--- Material provided ---
********
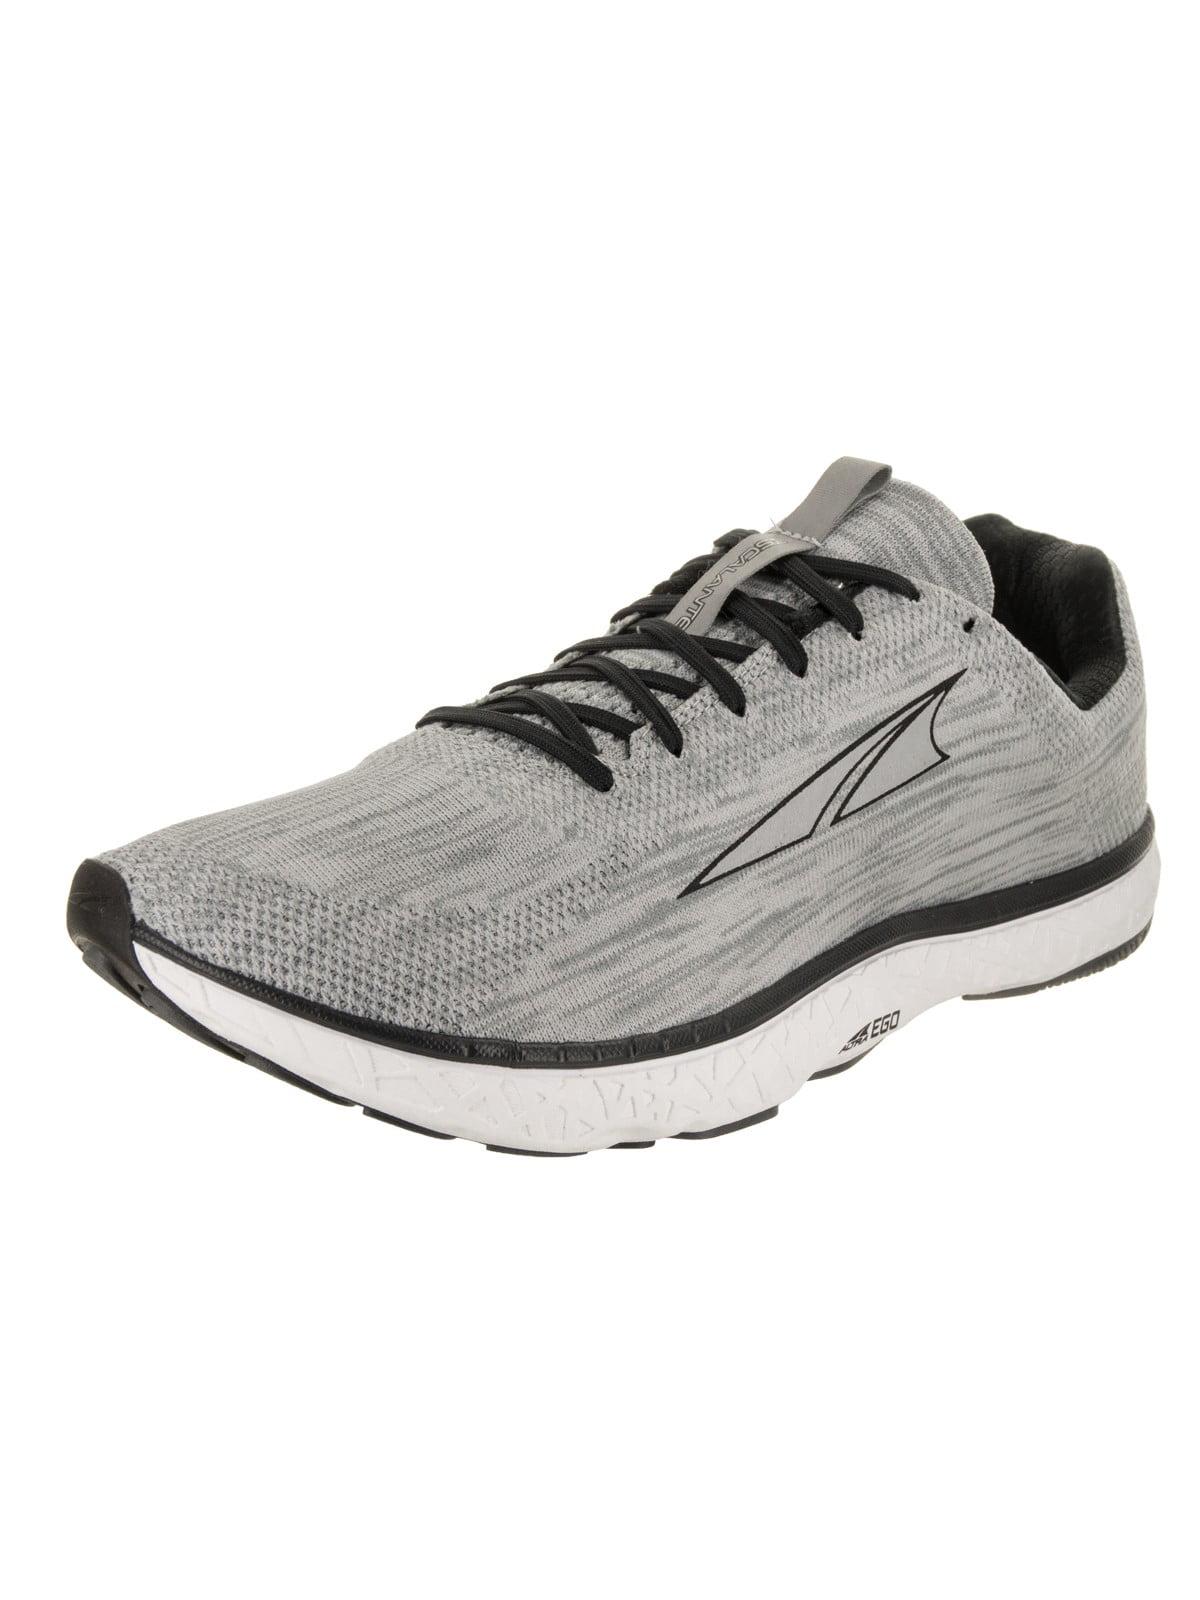 super popular 426b4 b83fc Altra Men's Escalante 1.5 Running Shoe
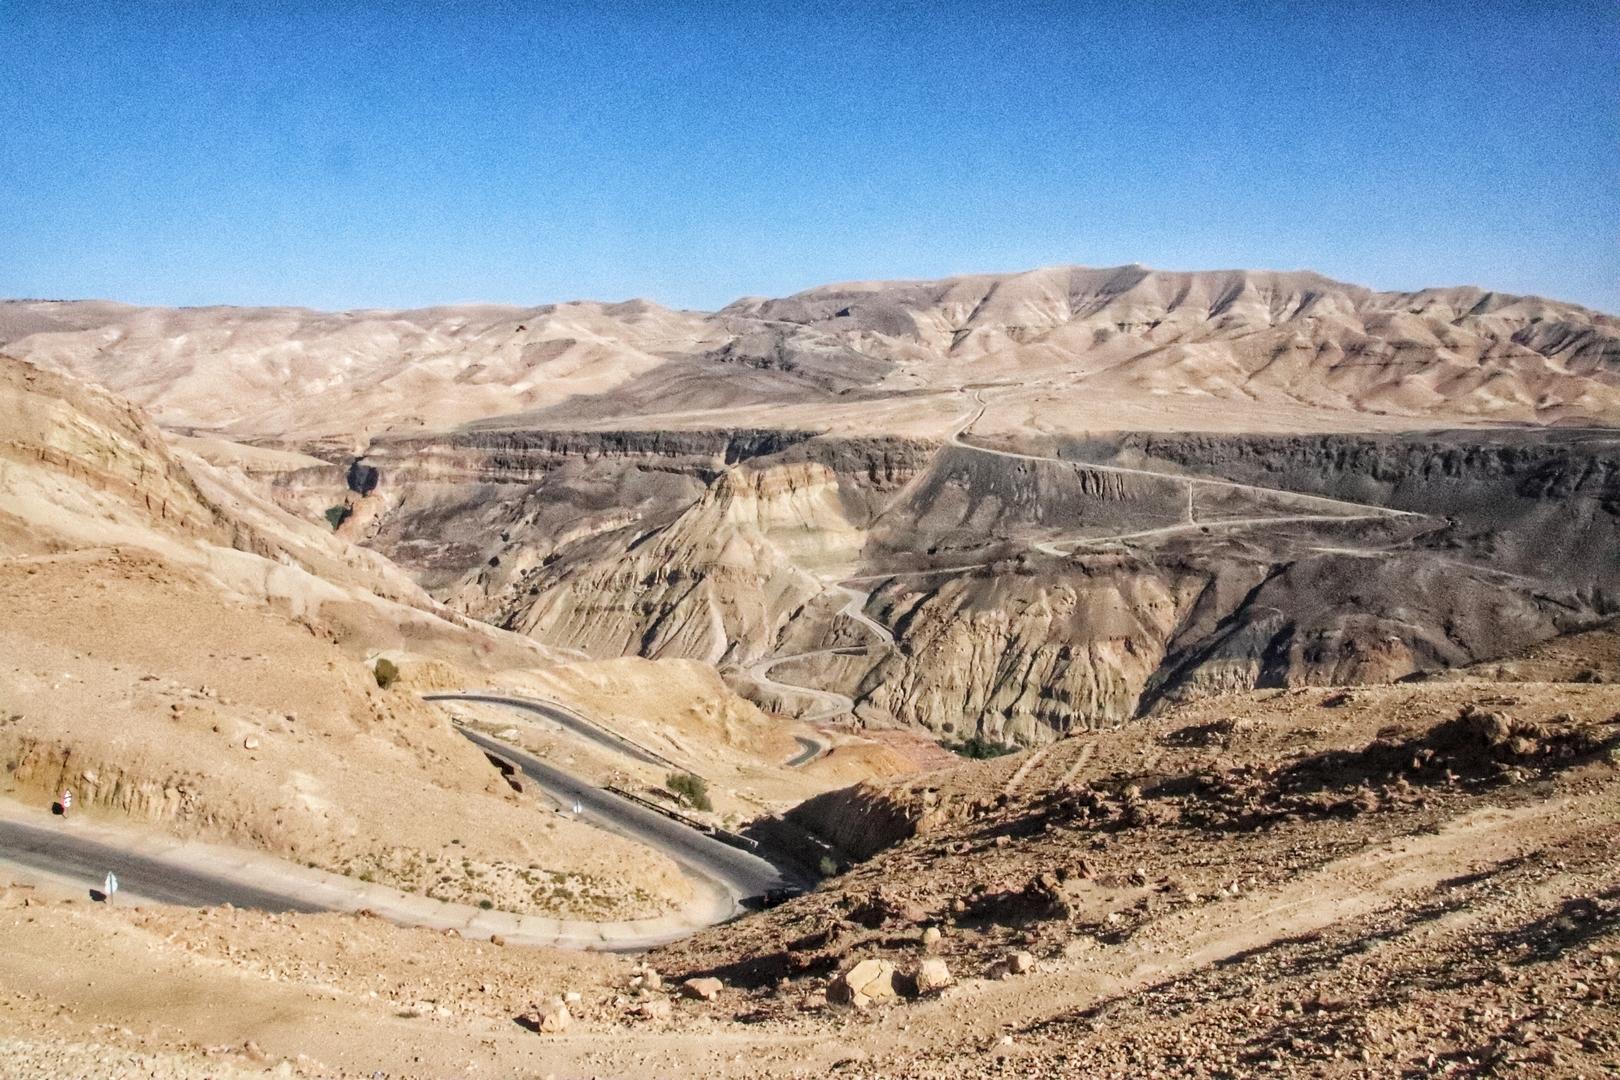 Jordanie - Route d'accès aux chutes d'eau chaude de Ma'In hotsprings
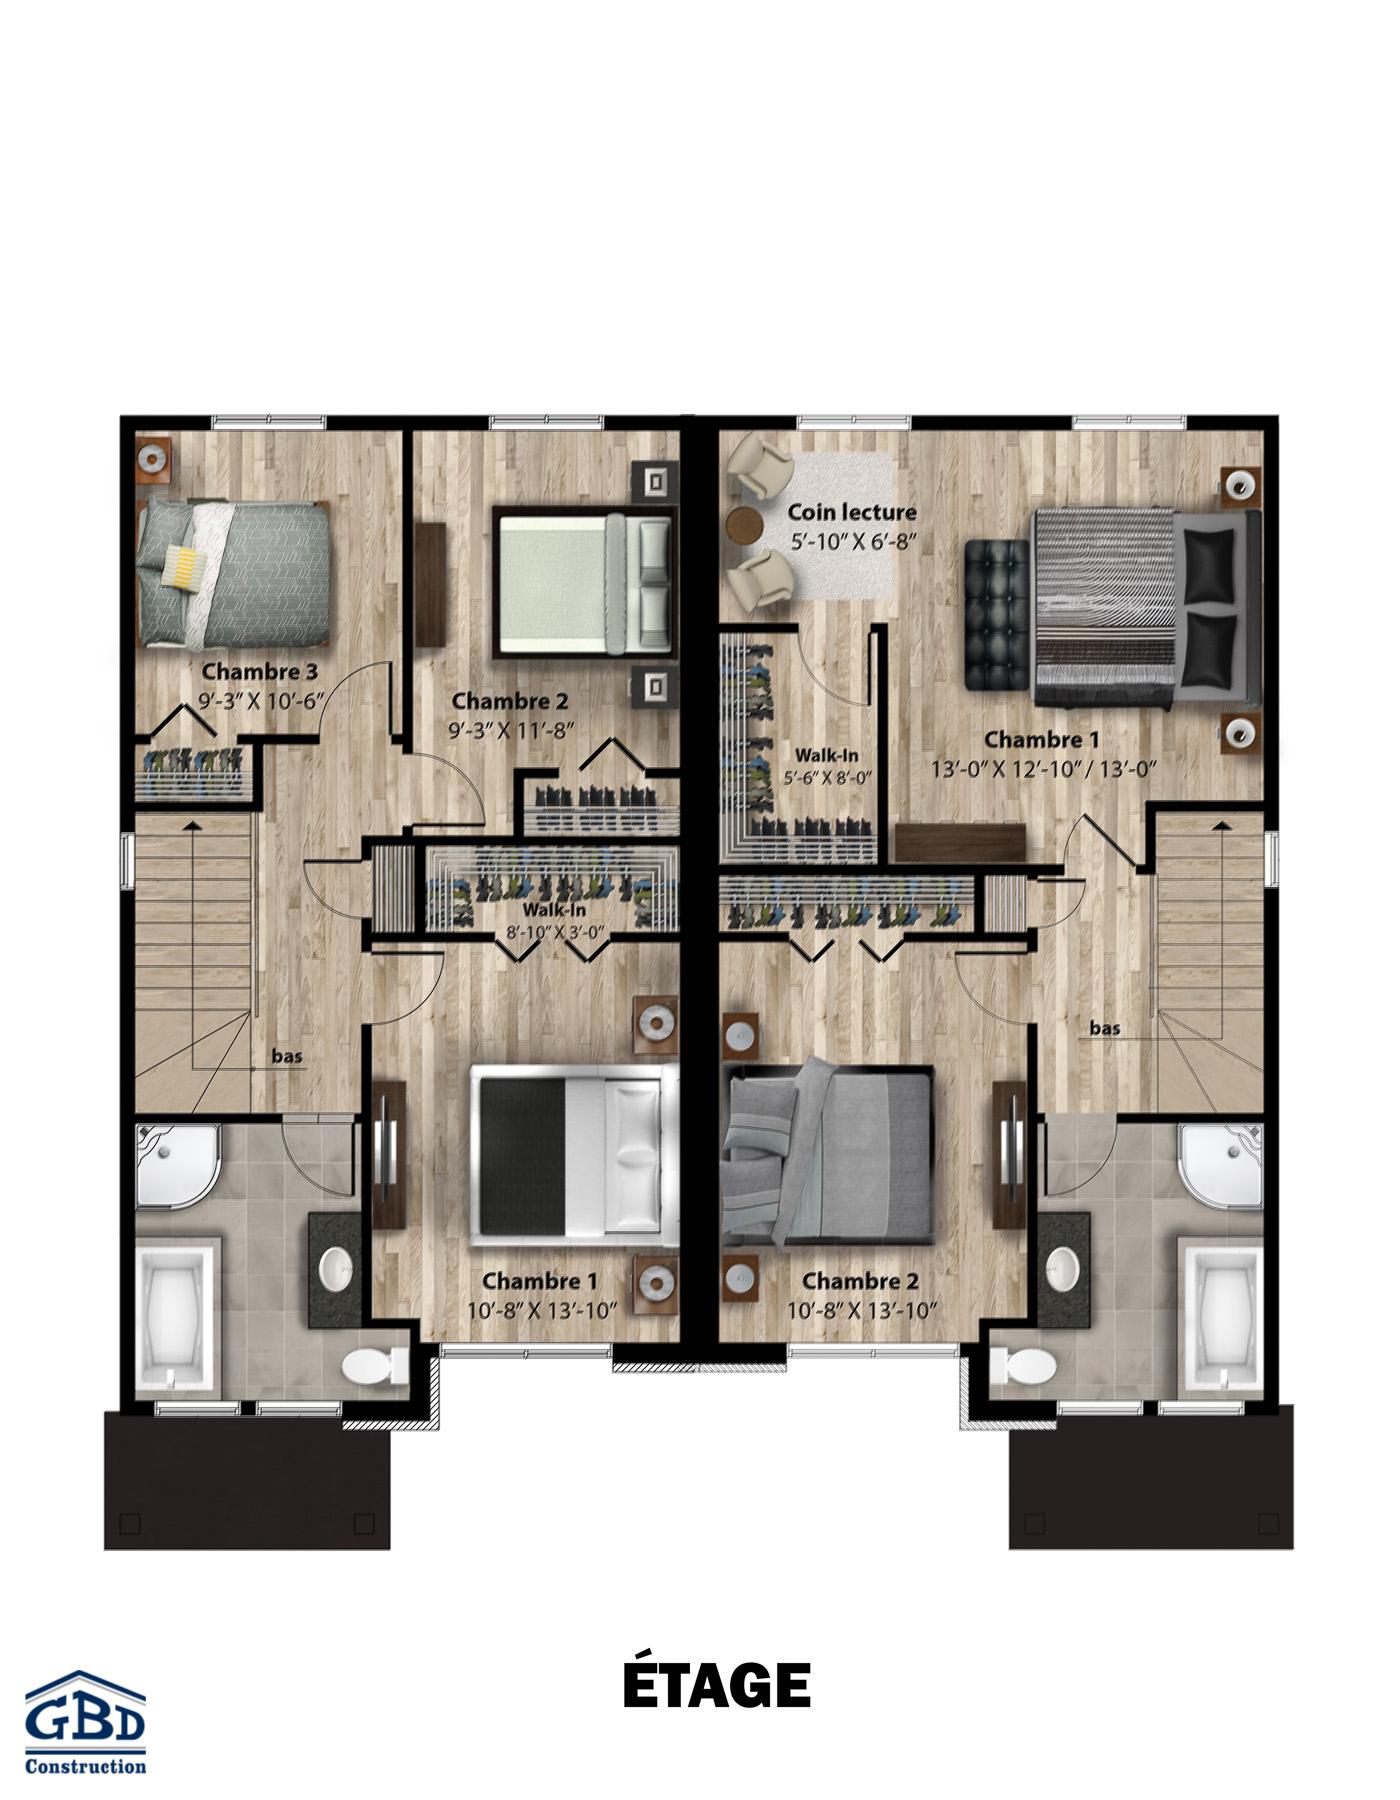 Saule maison neuve jumel e gbd construction for Plan de maison 2 chambres salon cuisine douche
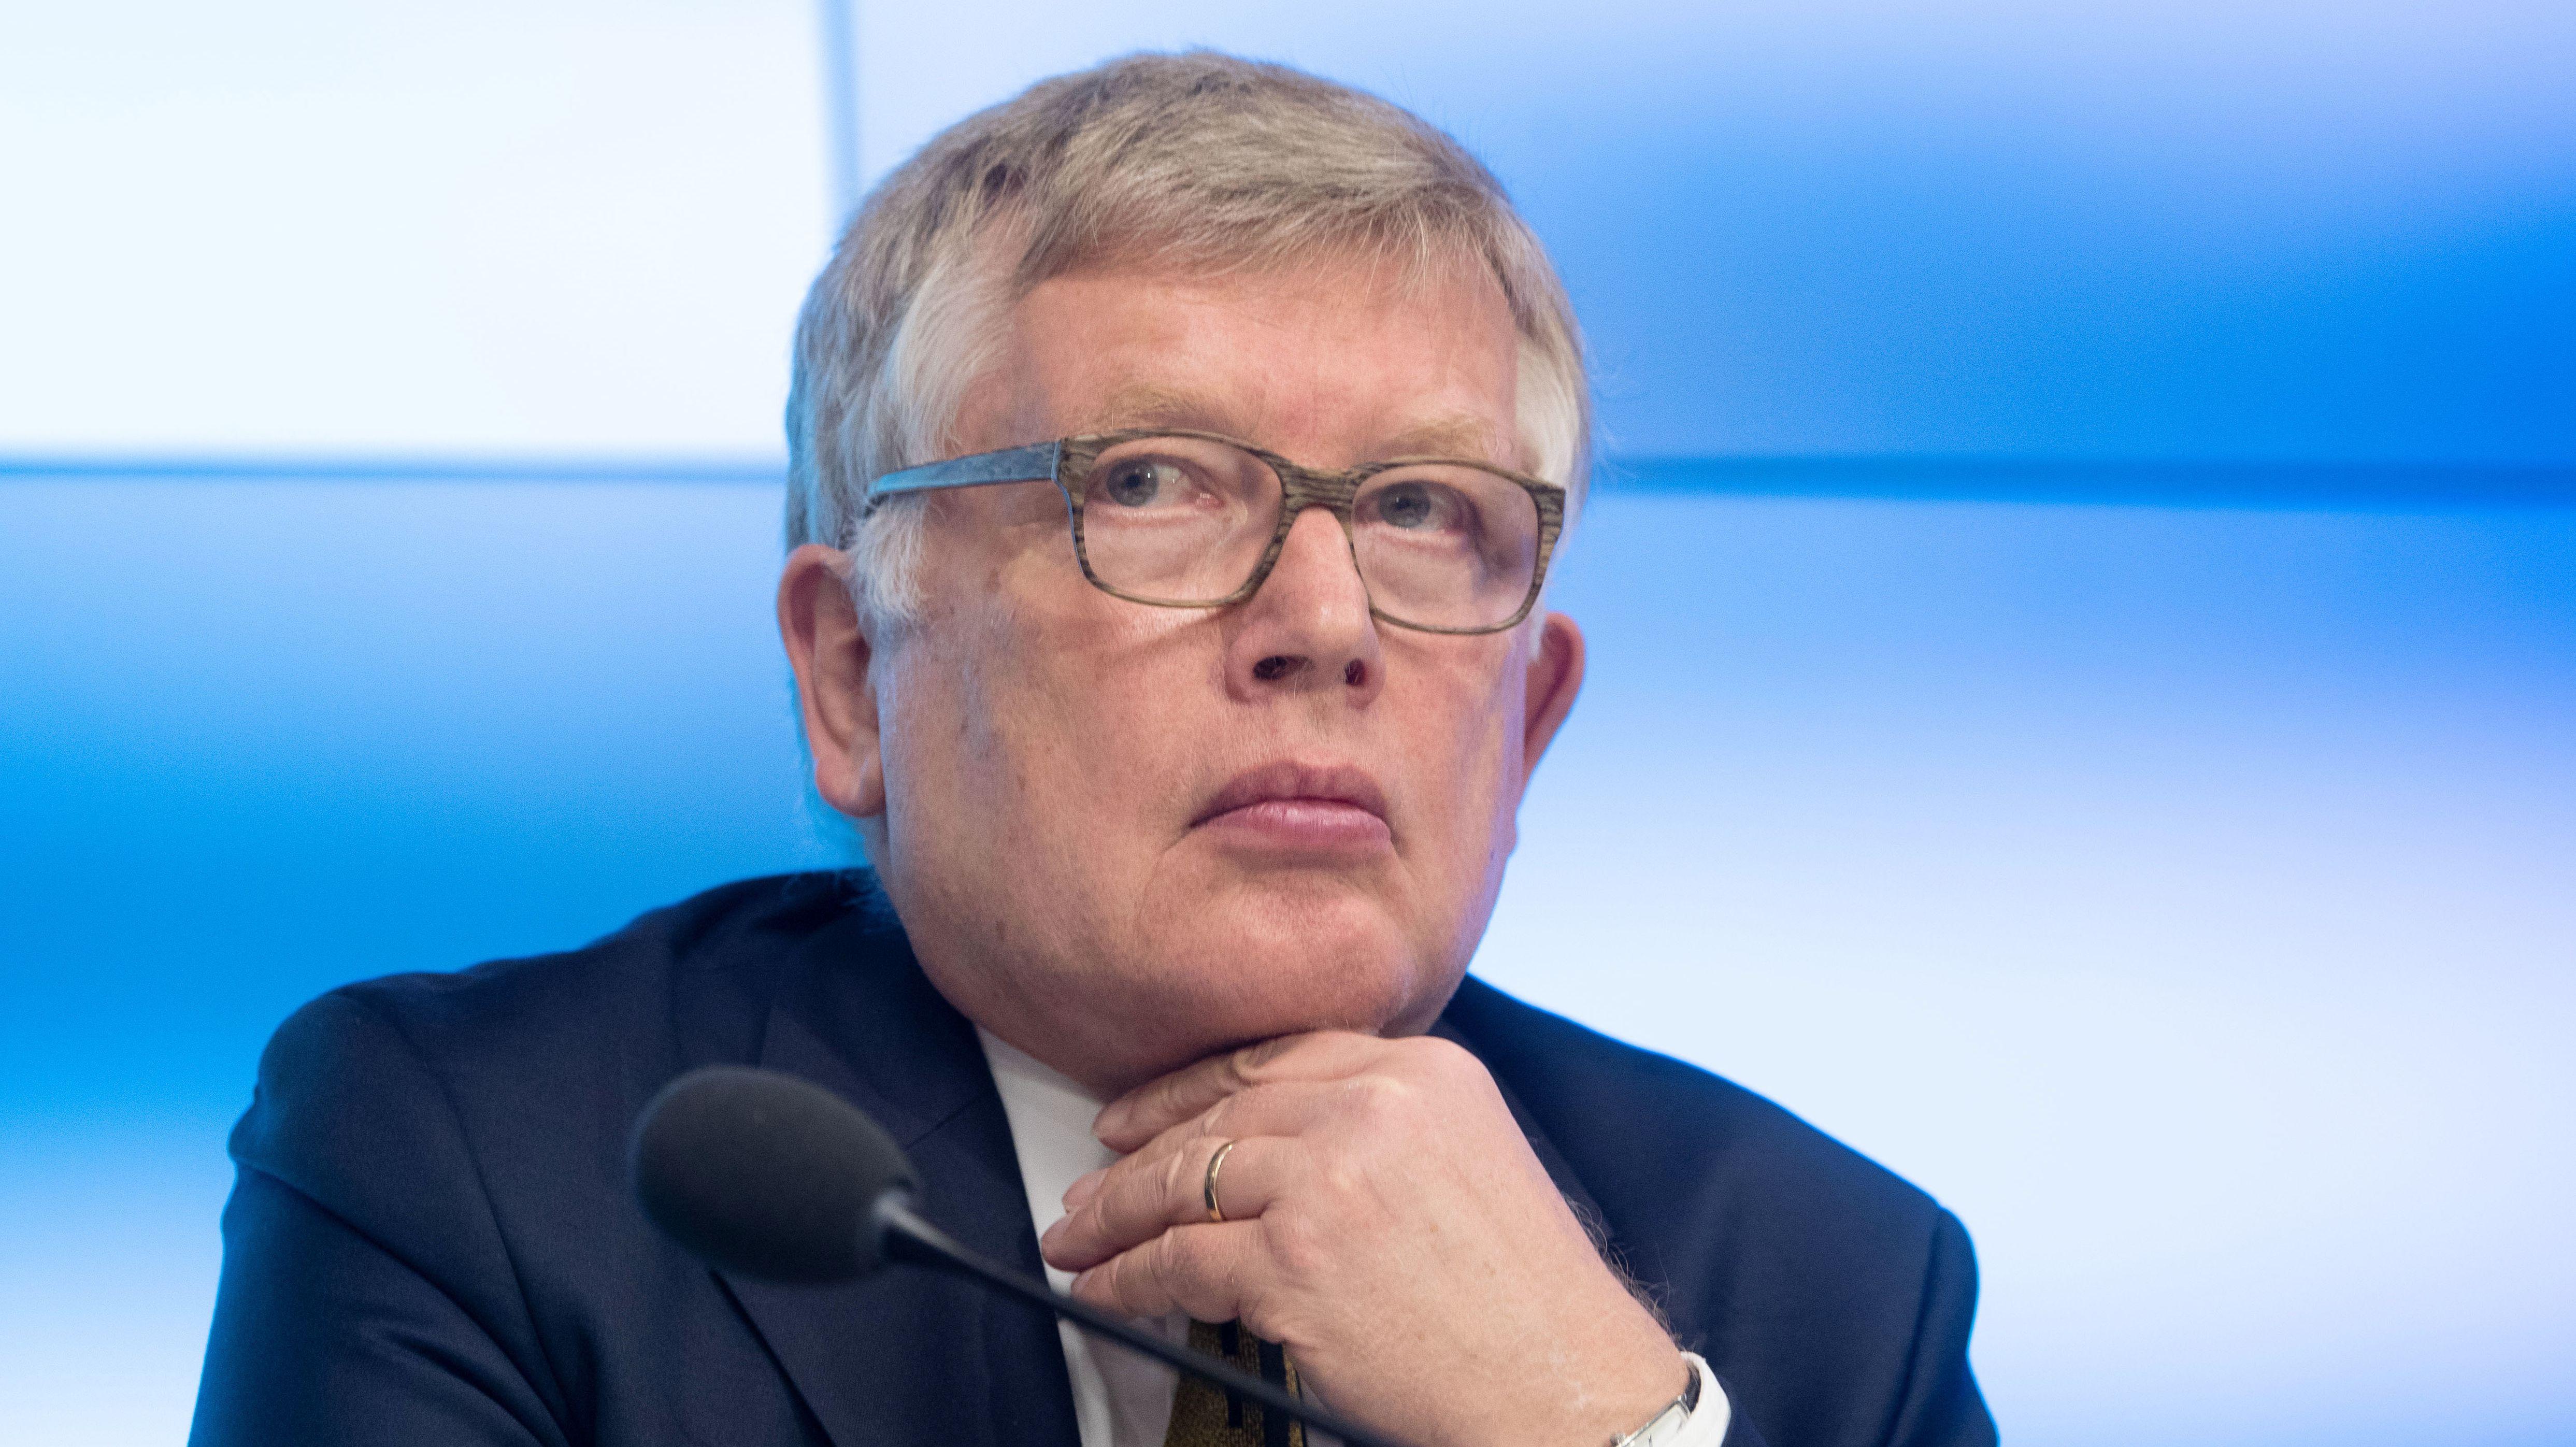 Joachim Wieland, Verfassungsrechtler, aufgenommen während einer Pressekonferenz.
********
--- Prompt ---
Only the lines from the one containing "Saule maison neuve" through the last line of the data may appear in the answer, each given again exactly and with pictures left out.

--- Output for this task ---
 Saule maison neuve jumel e gbd construction for Plan de maison 2 chambres salon cuisine douche
 Joachim Wieland, Verfassungsrechtler, aufgenommen während einer Pressekonferenz.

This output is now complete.